SRX

Expand all | Collapse all

SRX1400 - lost "contact" to the SYSIO card in FPC0

Jump to Best Answer
  • 1.  SRX1400 - lost "contact" to the SYSIO card in FPC0

    Posted 09-09-2020 04:01

    Hello all,

     

    we are running two SRX1400 as a cluster.

    After running for quite some time without issues, suddenly the secondary node lost all his network interfaces.

    Checking the cluster hardware it seems that the secondary node has lost its FPC0, or at least the connection to it.

     

    admin@node0> show chassis hardware
    node0:
    --------------------------------------------------------------------------
    Hardware inventory:
    Item Version Part number Serial number Description
    ...
    FPC 0 REV 19 750-031019 XXXXXXXX SRX1k 10GE SYSIO
    PIC 0 BUILTIN BUILTIN 6x 1GE RJ45 3x 1GE SFP 3x 10GE SFP+
    Xcvr 6 REV 02 740-013111 XXXXXXX SFP-T
    Xcvr 7 REV 02 740-013111 XXXXXXX SFP-T
    Xcvr 8 NON-JNPR XXXXXXXXXXX SFP+-10G-SR
    Xcvr 9 NON-JNPR XXXXXXXXXXX SFP+-10G-SR
    ...

    node1:
    --------------------------------------------------------------------------
    Hardware inventory:
    Item Version Part number Serial number Description
    ...
    FPC 0 REV 19 750-031019 YYYYYYYY SRX1k 10GE SYSIO
    PIC 0
    ...

     

    All productive interfaces are located on this FPC0.

     

    In addition to that, the productive redundancy group 1 was running on secondary node at that time and we lost complete connectivity to and through that device.

    Interface monitoring was configured, but it did not execute a failover.
    We had to do a manual failover to get the connections working again.

     

    Currently I am planning a reboot of the secondary node, to see if the system can recognize FPC0 again completely.

    Apart from that, I wonder, why the interface monitoring did not help to do a fail-over? Any hints?

     

    Thanks in advance.

     

    EDIT: Reboot has been done (without re-seating the card). The card has been recognized again; interfaces are listed again and are available again in the system. "Solution accepted" for the hint to "jsrpd might stuck" and the recommended software version.

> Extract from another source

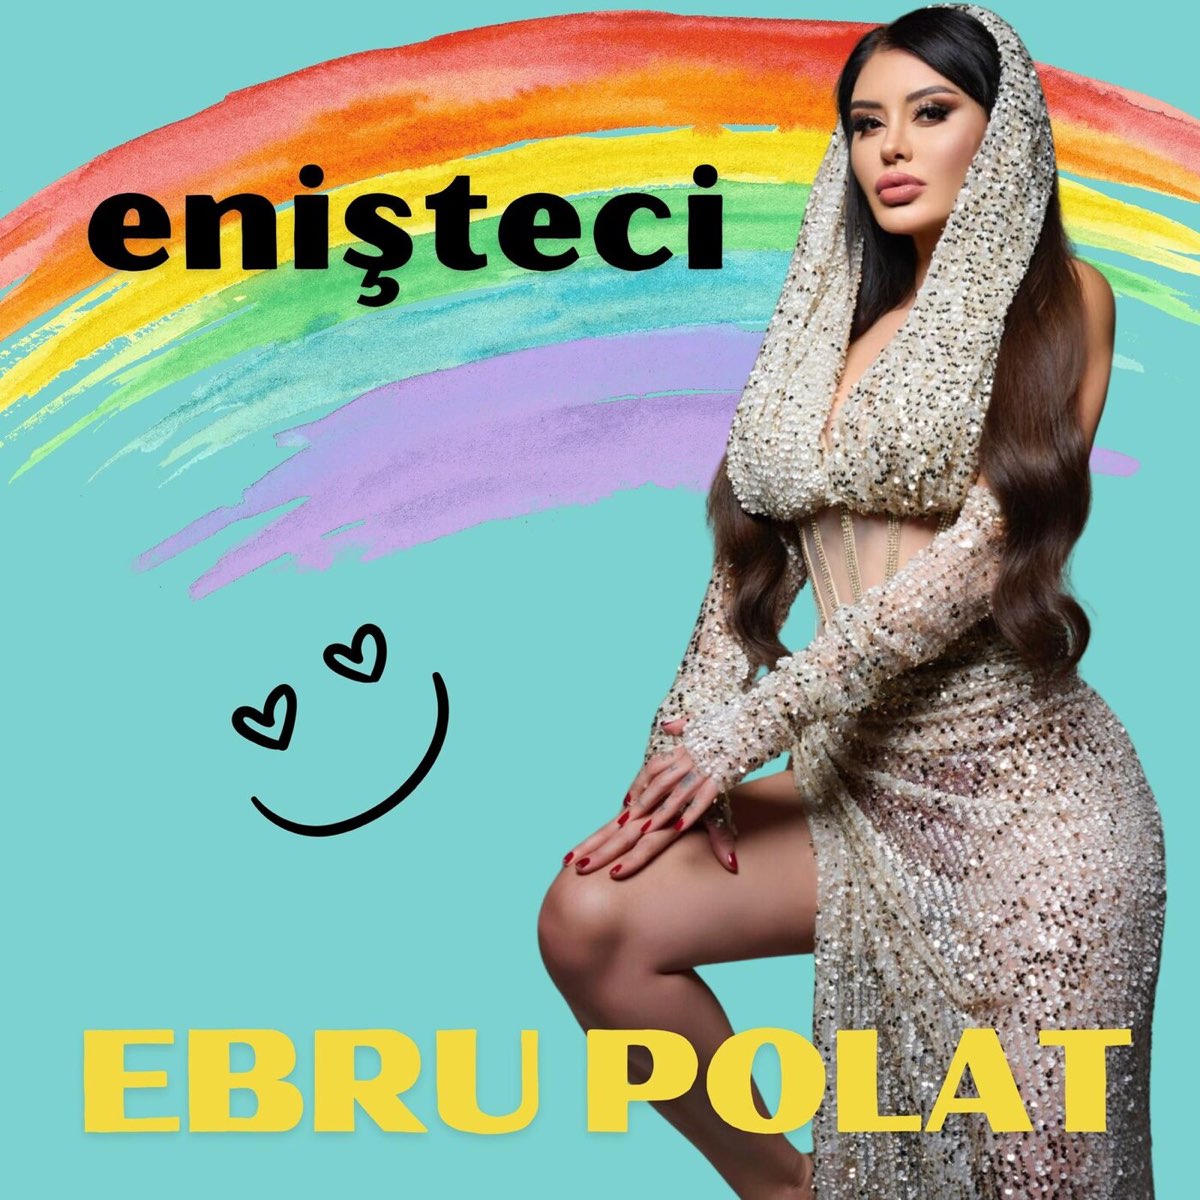 دانلود آهنگ جدید Ebru Polat به نام Enişteci
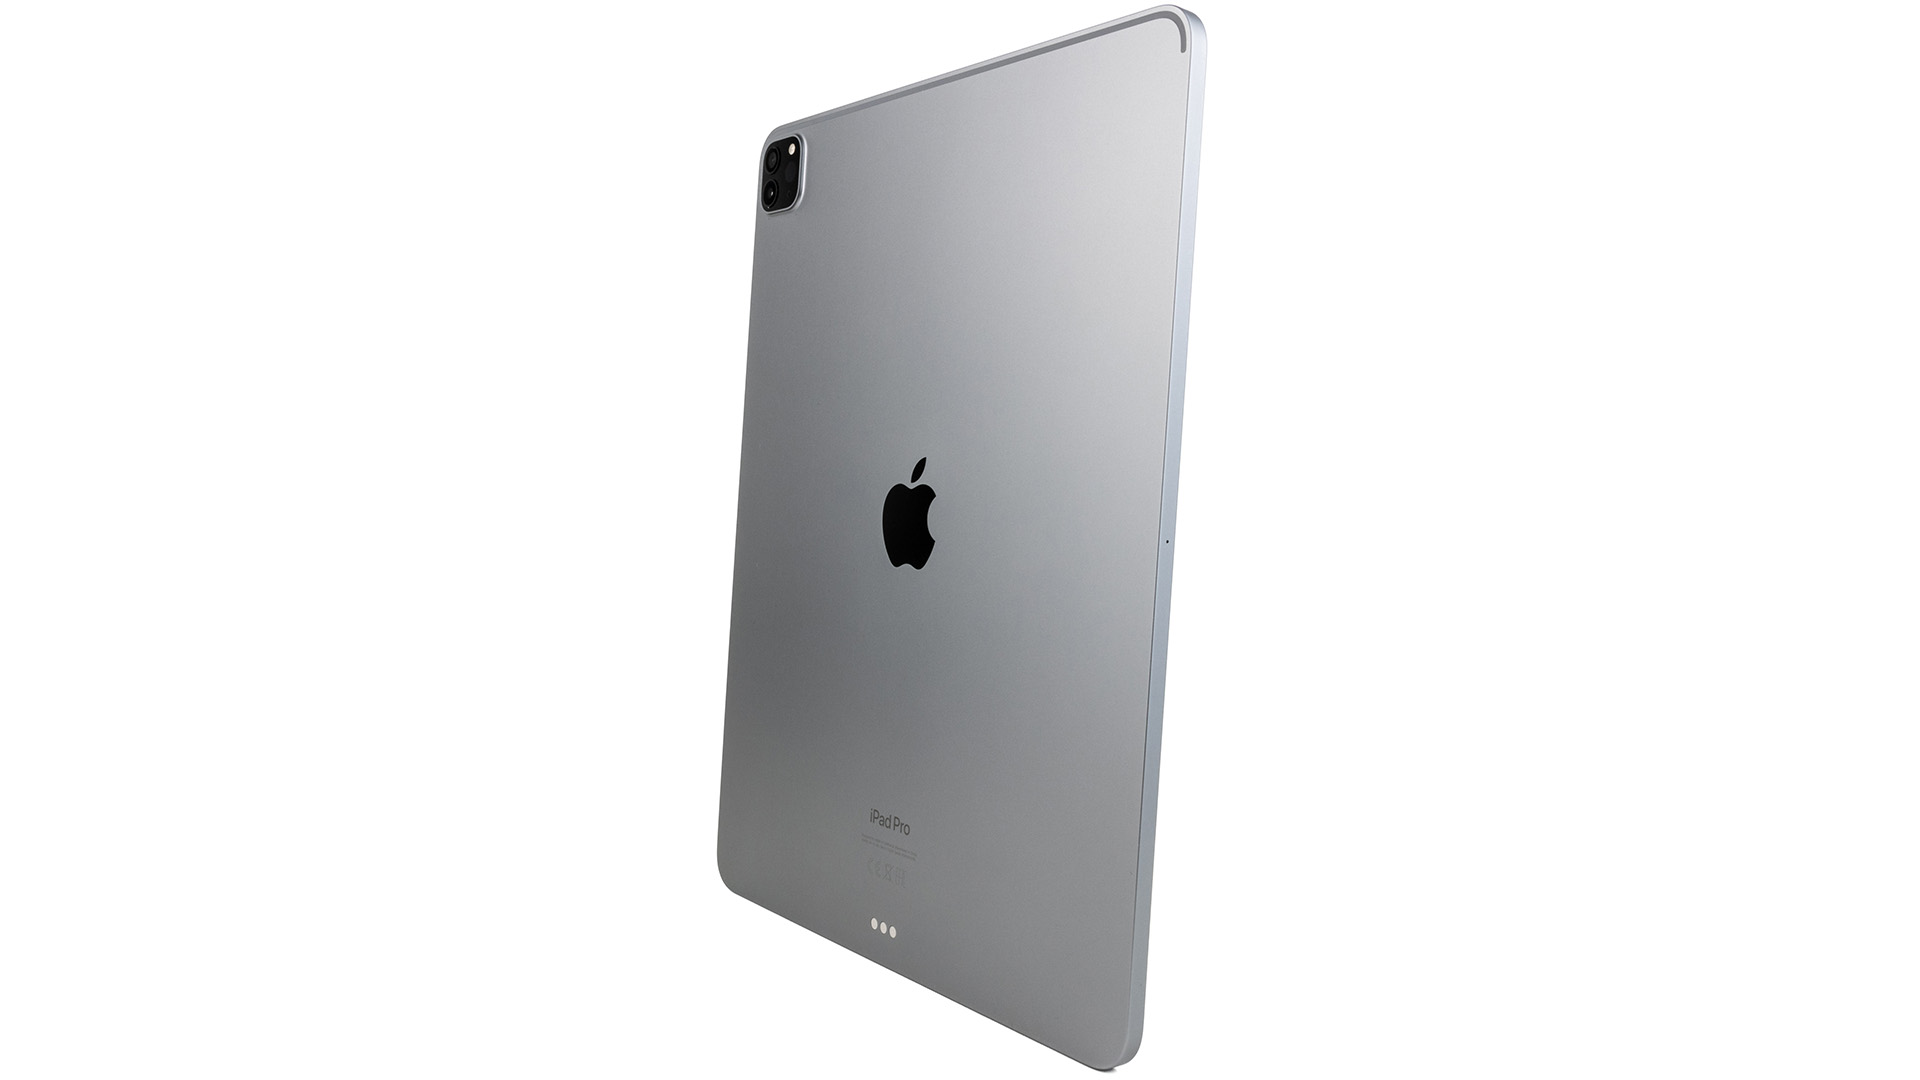 Galaxy Tab S Pro : une tablette 12 pouces pour contrer l'iPad Pro avant sa  sortie ?

  • 2.  RE: SRX1400 - lost "contact" to the SYSIO card in FPC0

    Posted 09-09-2020 04:19

    Hello Hermod,

     

    I would suggest to re-seat the SYSIO and if the issue persists again then RMA has to be initiated.

     

    Regarding Interface monitoring, Have you configured the weights properly? i.e. Your configured weight will be decremented with global weight 255 and it has to reach 0 in order to initiate a failover.

     

    Send me the output of user@host> show configuration chassis cluster | display set



  • 3.  RE: SRX1400 - lost "contact" to the SYSIO card in FPC0

    Posted 09-09-2020 04:28

    Thanks for your reply.

    This is the requested output:

     

    set chassis cluster control-link-recovery
    set chassis cluster reth-count 12
    set chassis cluster redundancy-group 1 node 0 priority 200
    set chassis cluster redundancy-group 1 node 1 priority 100
    set chassis cluster redundancy-group 1 preempt
    set chassis cluster redundancy-group 1 interface-monitor xe-0/0/8 weight 255
    set chassis cluster redundancy-group 1 interface-monitor xe-0/0/9 weight 255
    set chassis cluster redundancy-group 1 interface-monitor xe-4/0/8 weight 255
    set chassis cluster redundancy-group 1 interface-monitor xe-4/0/9 weight 255
    set chassis cluster redundancy-group 1 interface-monitor ge-0/0/0 weight 255
    set chassis cluster redundancy-group 1 interface-monitor ge-4/0/0 weight 255
    set chassis cluster redundancy-group 0 node 0 priority 200
    set chassis cluster redundancy-group 0 node 1 priority 100

     

     

     

    Edit2: The xx-4/y/z interfaces are those from the "disappeared" FPC0 on the second node.

     

    Edit1: I had an idea that if interface-monitoring can only work for "existing" interfaces, that could explain why nothing happened. The interfaces disappeared and are not accessible anymore... But my knowledge of SRX isn't that deep... I am only guessing here.



  • 4.  RE: SRX1400 - lost "contact" to the SYSIO card in FPC0
    Best Answer

    Posted 09-09-2020 04:38

    Hi Hermod,

     

    This seems like a strange issue.

     

    Even though the interfaces disappear on the secondary node, the jsrpd should trigger a failover. I have seen this behaviour in older Junos version where the jsrpd might stuck and didn't trigger a failover due to a software bug. 

     

    I would suggest you to stay on the recommended Junos version.